Alternative RNA splicing is a critical process that contributes variety to protein functions, and further controls cell differentiation and normal development. Although it is known that most eukaryotic genes produce multiple transcripts in which splice site selection is regulated, how RNA binding proteins cooperate to activate and repress specific splice sites is still poorly understood. In addition how the regulation of alternative splicing affects germ cell development is also not well known. In this study, Drosophila Transformer 2 (Tra2) was used as a model to explore both the mechanism of its repressive function on its own pre-mRNA splicing, and the effect of the splicing regulation on spermatogenesis in testis. Half-pint (Hfp), a protein known as splicing activator, was identified in an S2 cell-based RNAi screen as a co-repressor that functions in combination with Tra2 in the splicing repression of the M1 intron. Its repressive splicing function is found to be sequence specific and is dependent on both the weak 3’ splice site and an intronic splicing silencer within the M1 intron.
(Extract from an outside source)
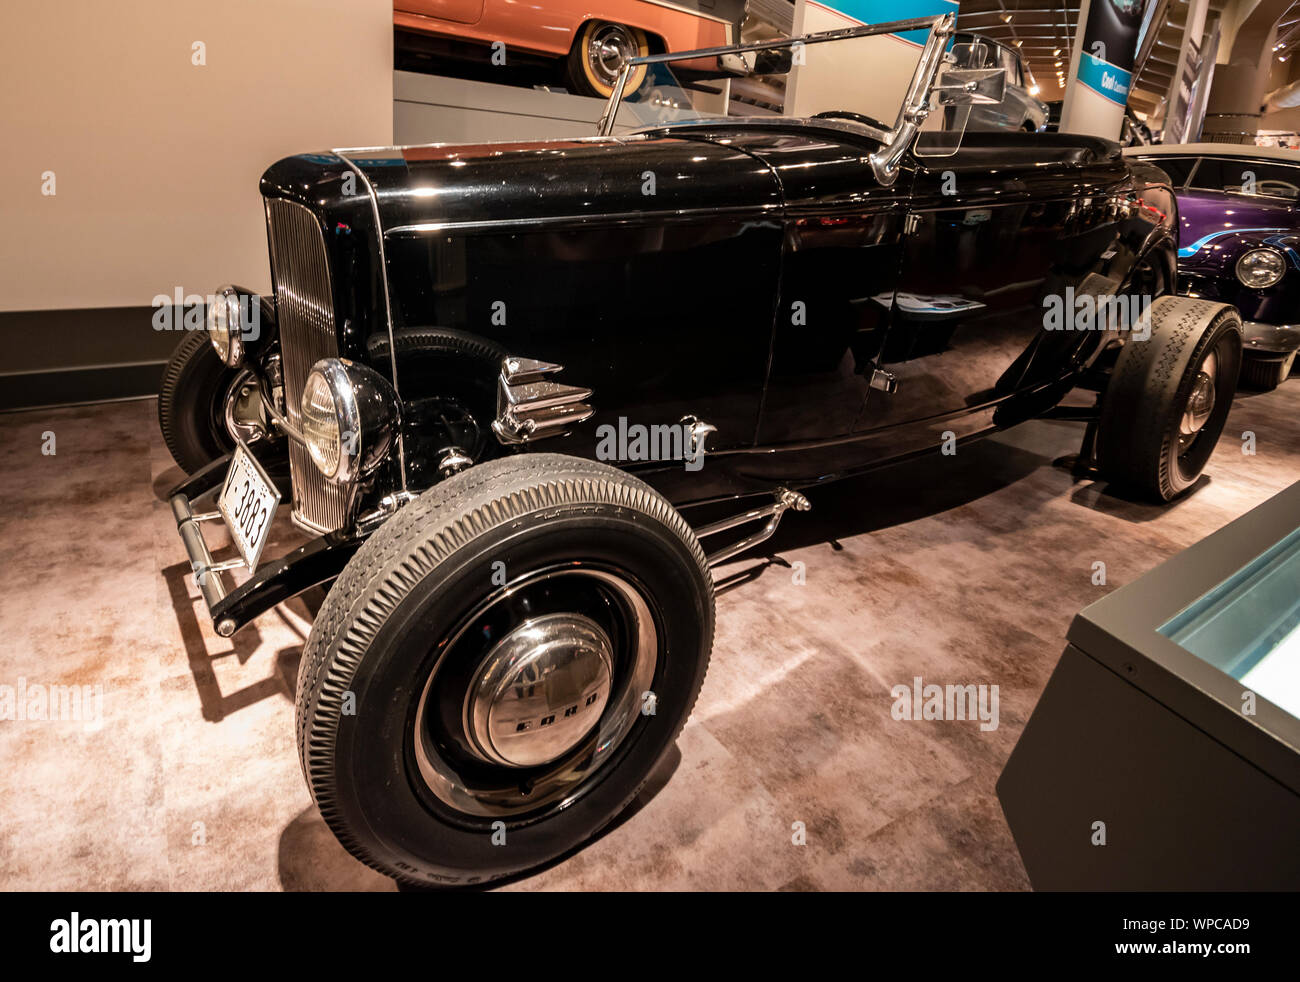 Dearborn, Mi, Usa - March 2019: The 1932 Ford Roadster presented in the Henry Ford Museum of American Innovation. Stock Photo

In addition we found that in vivo, two forms of Hfp are expressed in a cell type specific manner. These alternative forms differ at their amino terminus affecting the presence of a region with four RS dipeptides. Using assays in Drosophila S2 cells, we determined that the alternative N terminal domain is necessary in repression. This difference is probably due to differential localization of the two isoforms in the nucleus and cytoplasm. Our in vivo studies show that both Hfp and Tra2 are required for normal spermatogenesis and cooperate in repression of M1 splicing in spermatocytes. But interestingly, Tra2 and Hfp antagonize each other’s function in regulating germline specific alternative splicing of Taf1 (TBP associated factor 1). Genetic and cytological studies showed that mutants of Hfp and Taf1 both cause similar defects in meiosis and spermatogenesis. These results suggest Hfp regulates normal spermatogenesis partially through the regulation of taf1 splicing. These observations indicate that Hfp regulates tra2 and taf1 activity and play an important role in germ cell differentiation of male flies.